The final days of a dying man and the impact on those around him should be touching, thought-provoking and gripping. All those things and more. In the case of Maurice’s Jubilee, they aren’t.

Not that the cast can be faulted. Their pedigree is impeccable. Julian Glover, instantly recognisable as Bond villain Aristotle Kristatos in For Your Eyes Only, is an Olivier Award-winning actor. As Maurice, he is strident and vulnerable simultaneously. Nichola McAuliffe, too, has an Olivier to her name. As Katy, she is the star turn of the piece, giving an eerily authentic portrayal of the Queen.

As Helena, Sheila Reid, beloved by millions as the acid-tongued Madge Harvey in Benidorm, openly wears her her despair. Raw and overwhelming, it is difficult to watch.

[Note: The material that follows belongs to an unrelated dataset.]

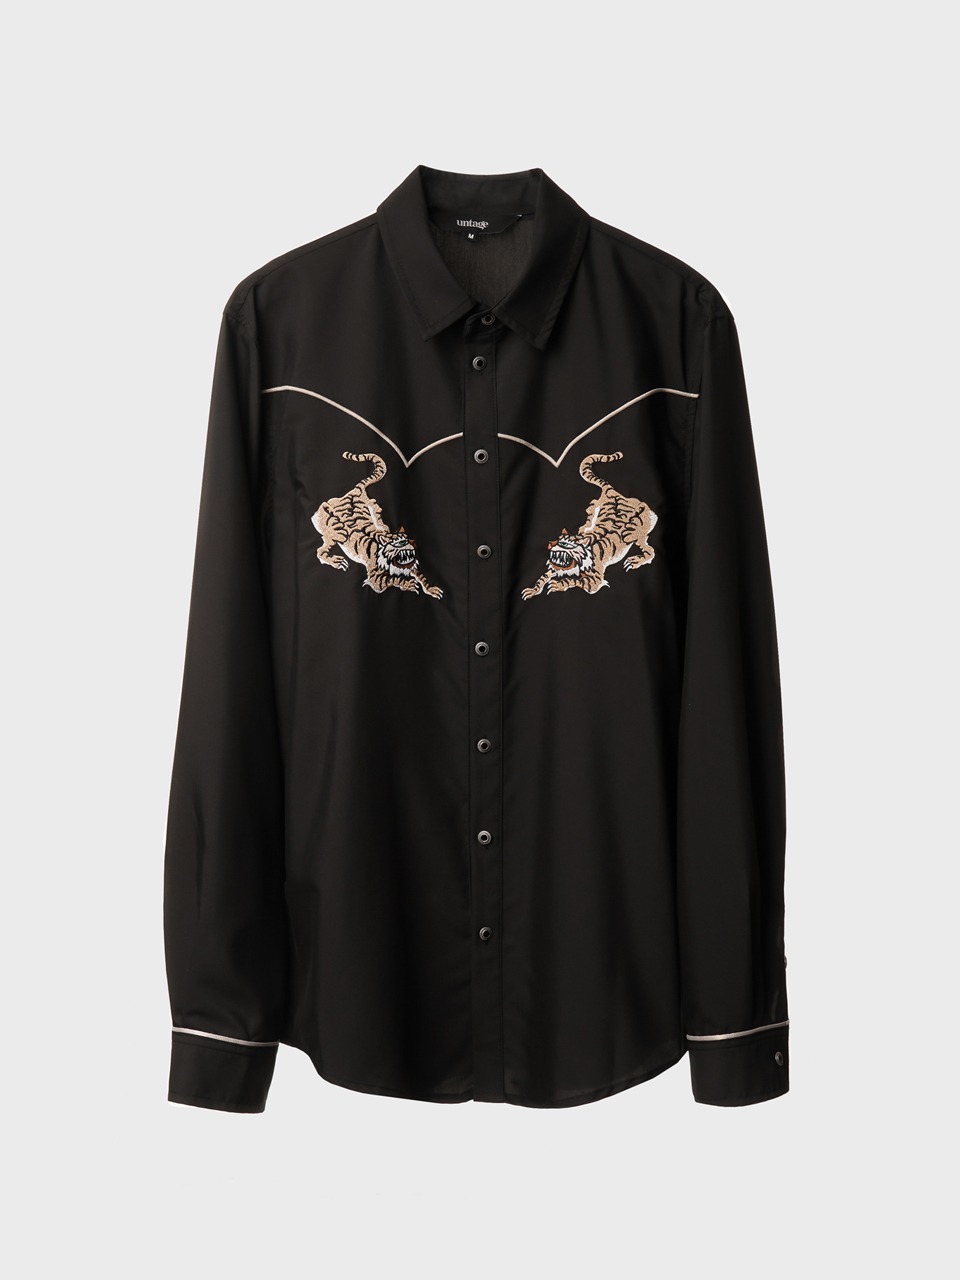 Tiger-Embroidered Western shirt (black)
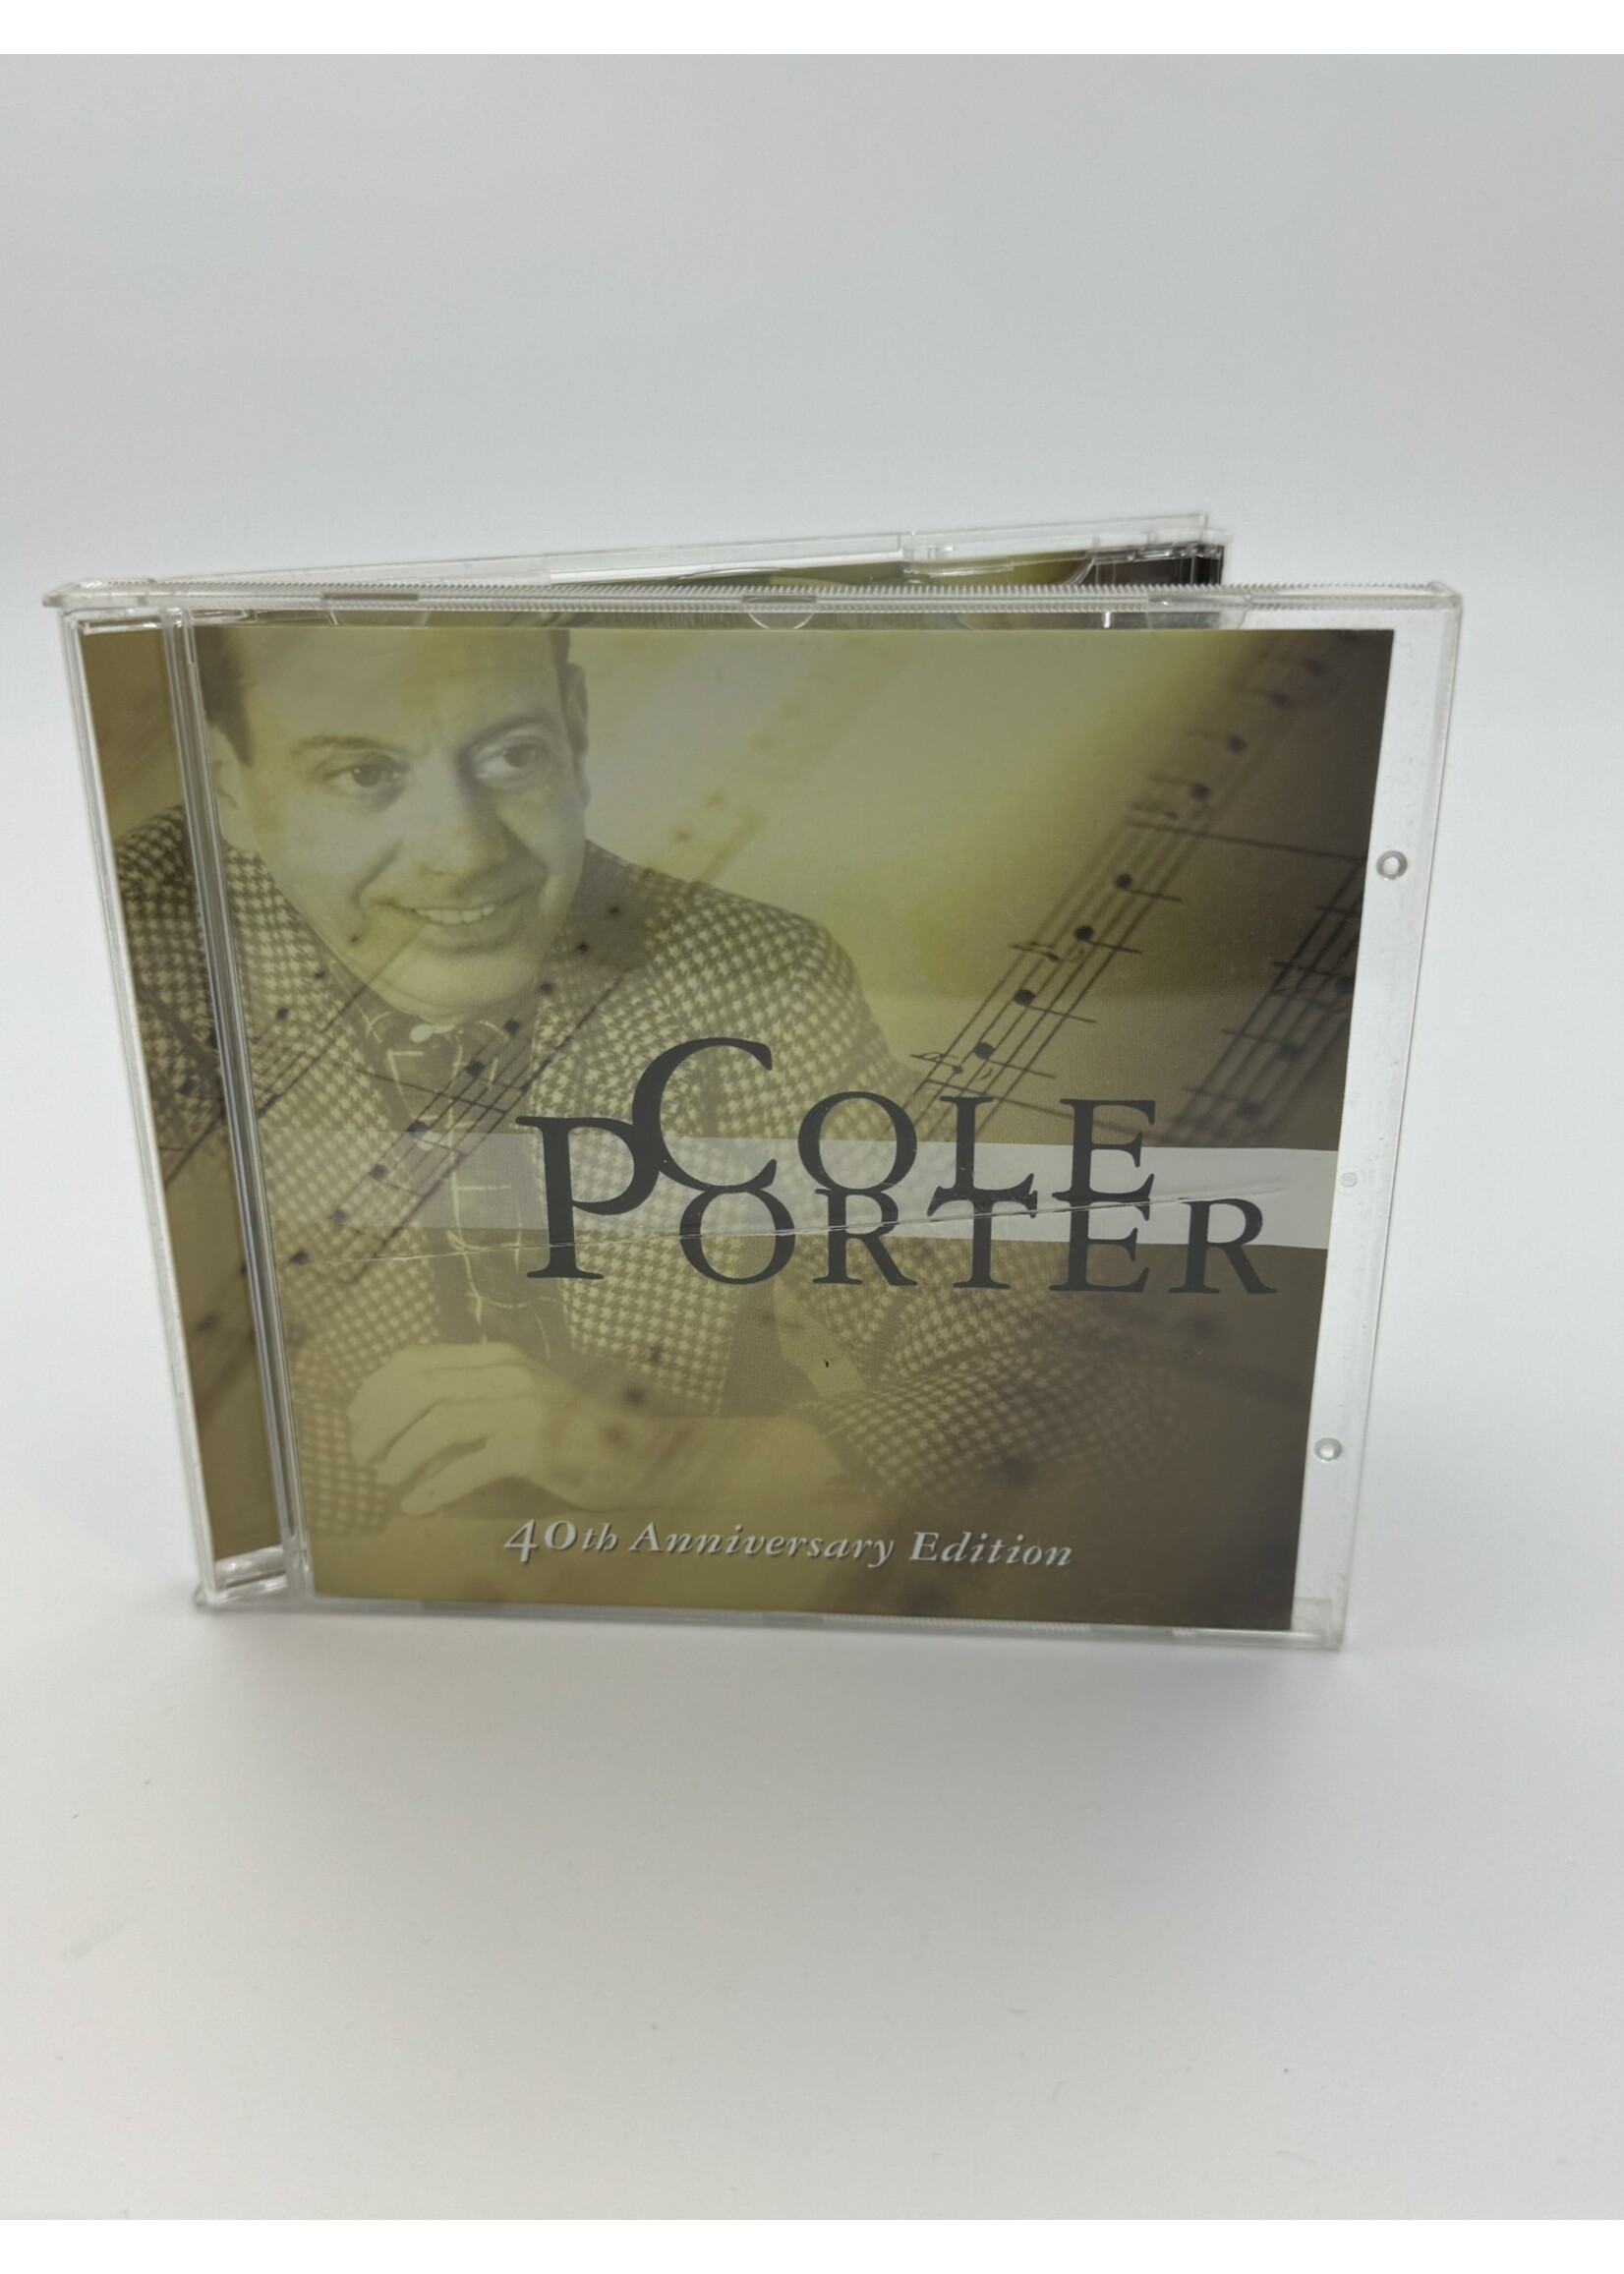 CD Cole Porter 40th Anniversary Edition CD

The problem is, Maurice’s Jubilee is the sort of play I thought (or maybe hoped) people had stopped writing 30 years ago. Yes, there are beautifully acerbic one-liners and tender moments to melt the hardest heart. There’s even a monologue – too long – in which Maurice opens his soul as he recalls meeting the Queen on the eve of the Coronation, but it’s all so predictable and safe. It’s twee, sycophantic and the dénouement comes as little, if any, surprise.

That said, I’m sure there’s still a matinee circuit in the south of England for work like this. I’m just not convinced the Edinburgh Fringe is a good fit.